## WORK REQUEST
Write the data below out exactly as it stands. Do not include the pictures.

## SUPPLIED MATERIAL
------

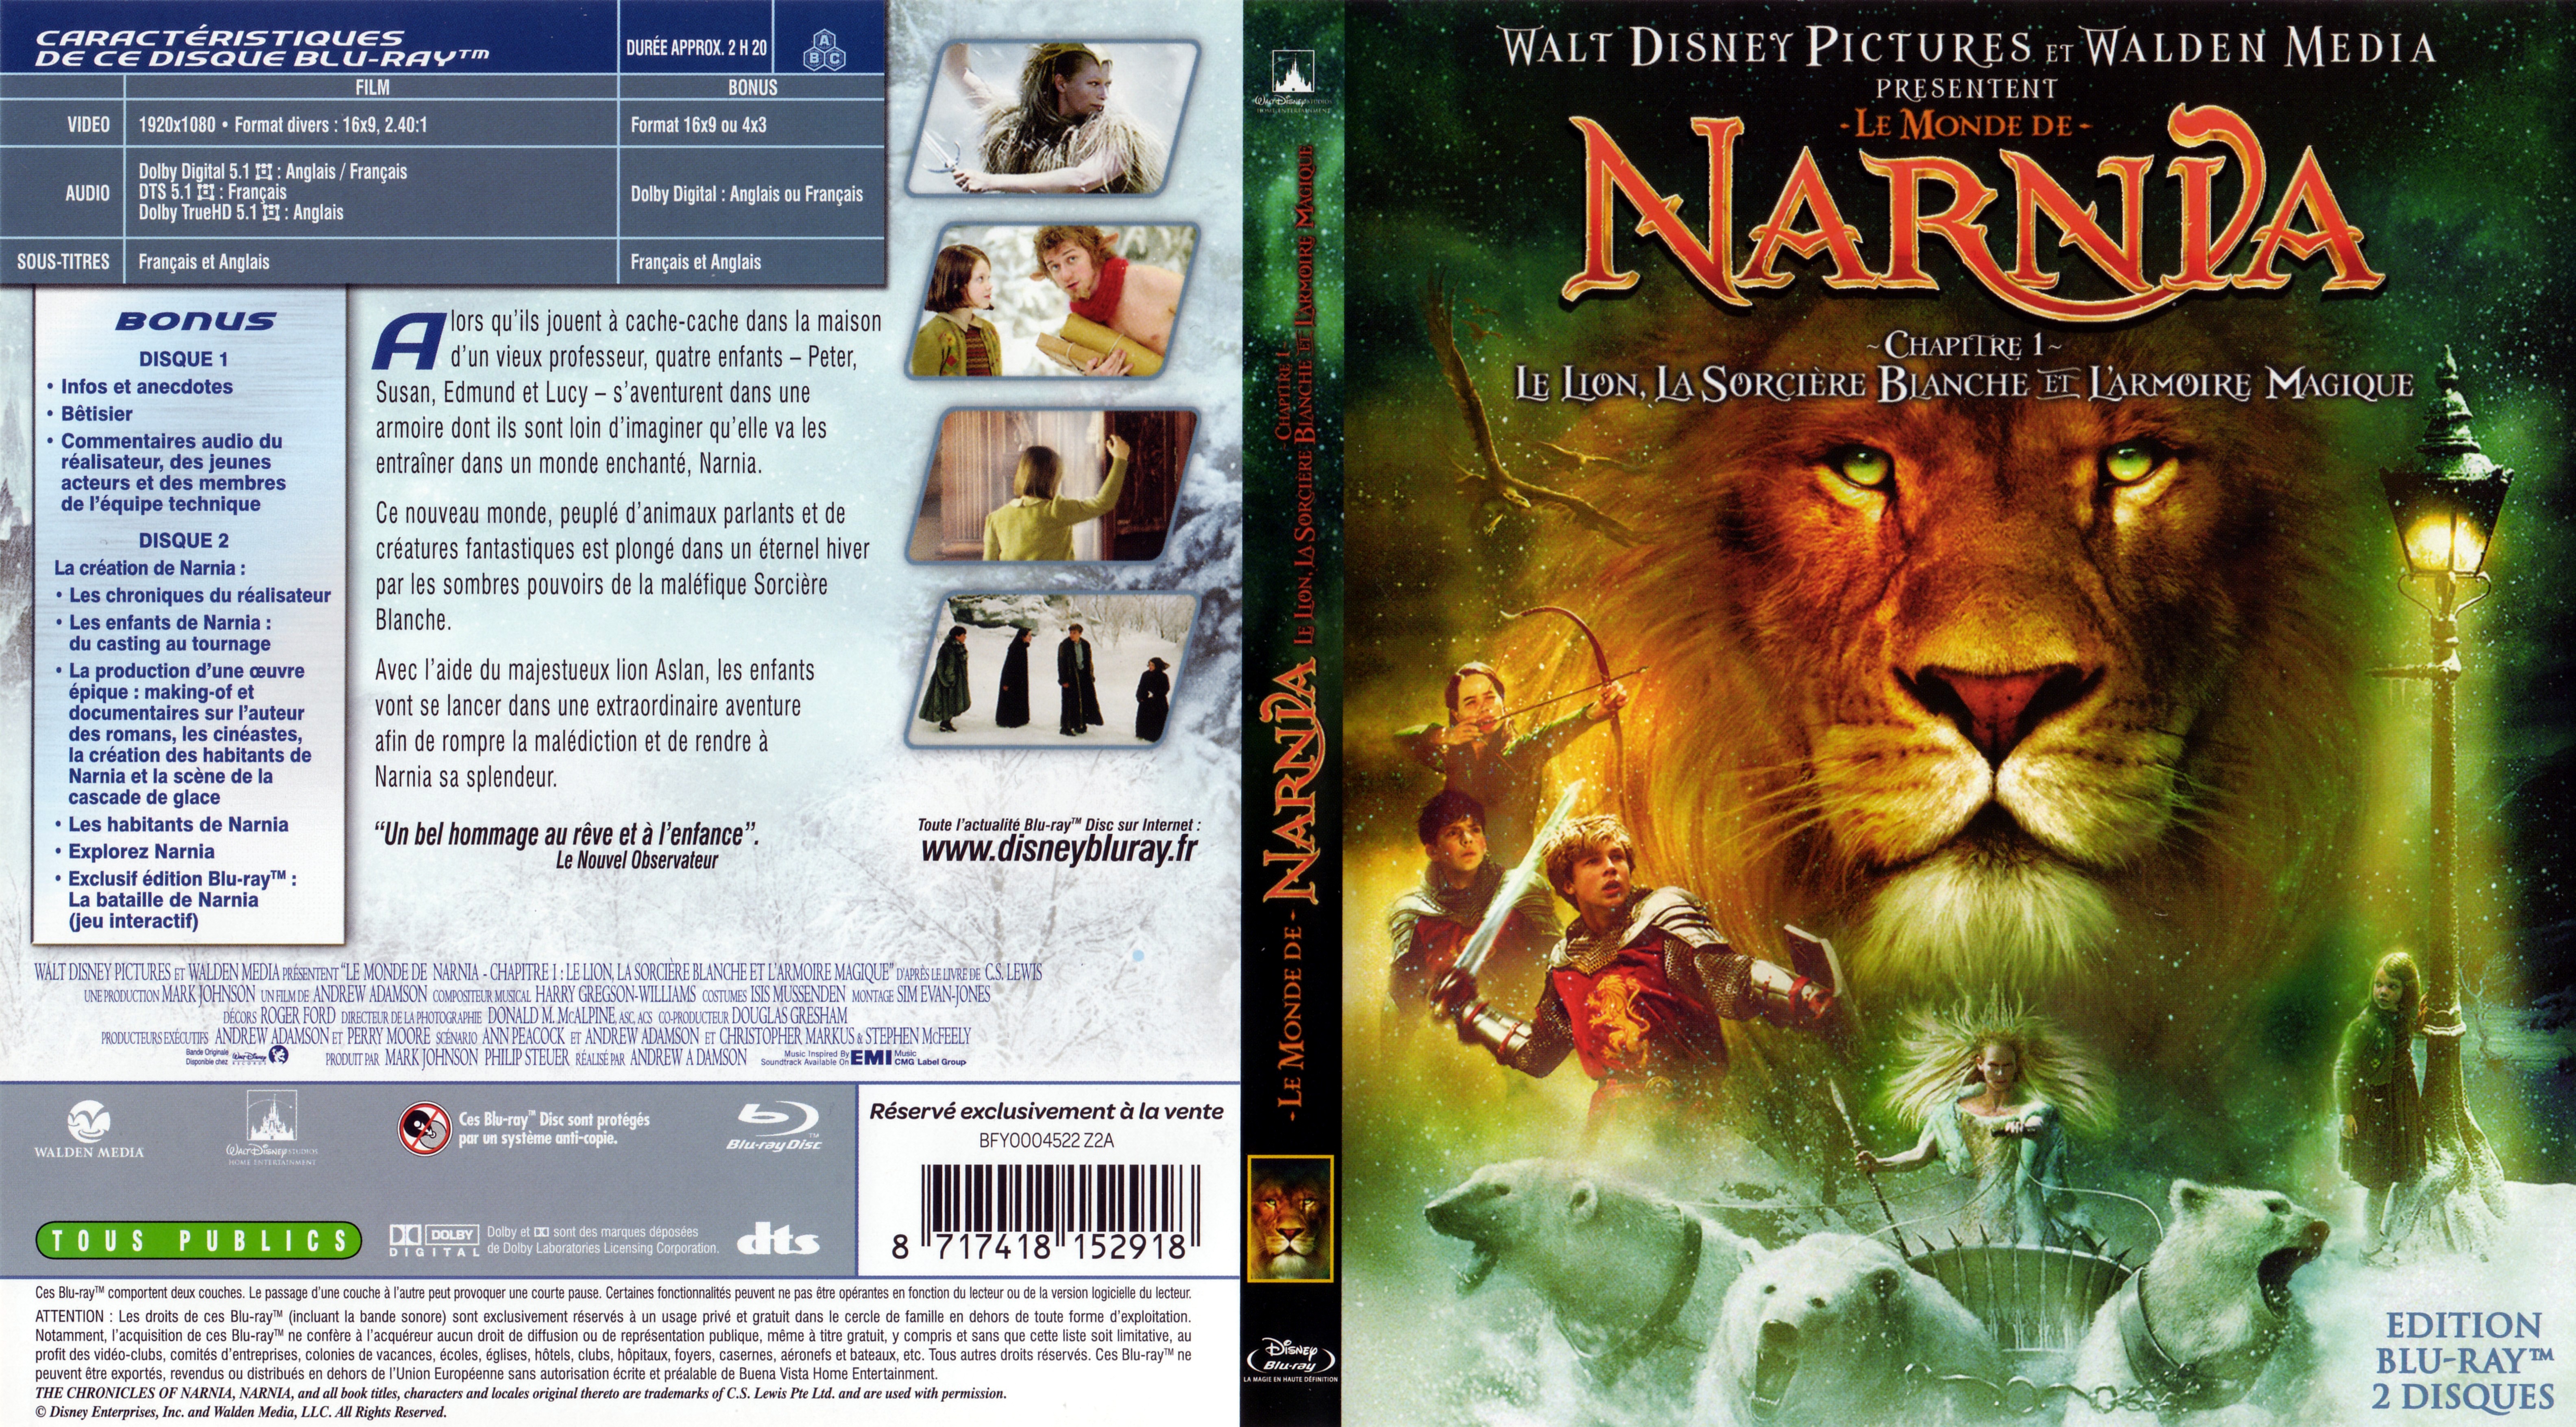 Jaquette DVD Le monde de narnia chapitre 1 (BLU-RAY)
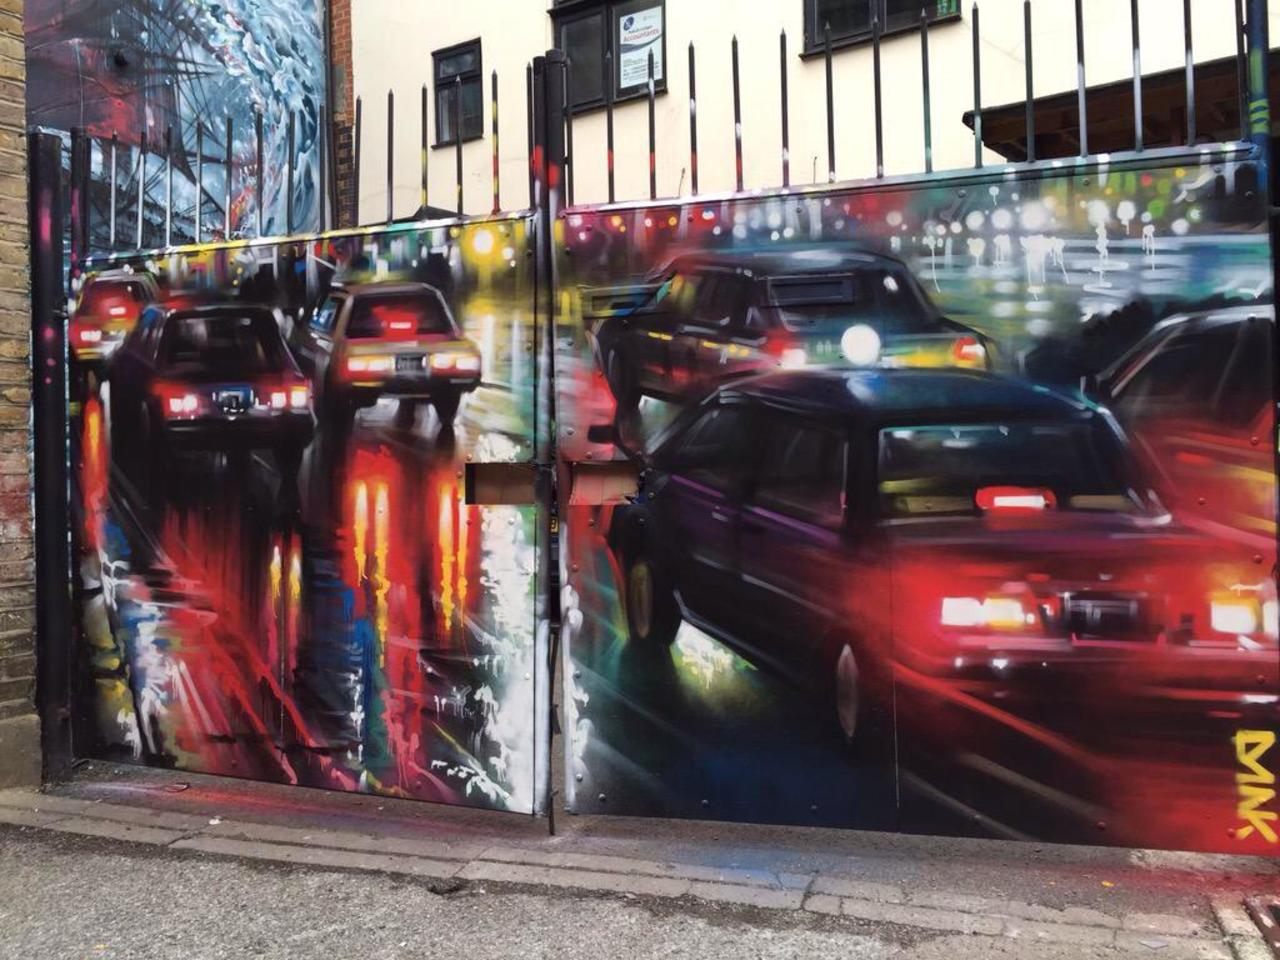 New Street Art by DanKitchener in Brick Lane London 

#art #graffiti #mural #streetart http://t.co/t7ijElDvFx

------

## REPLY
 Jaquette DVD Le monde de narnia chapitre 1 (BLU-RAY)
 New Street Art by DanKitchener in Brick Lane London 

#art #graffiti #mural #streetart http://t.co/t7ijElDvFx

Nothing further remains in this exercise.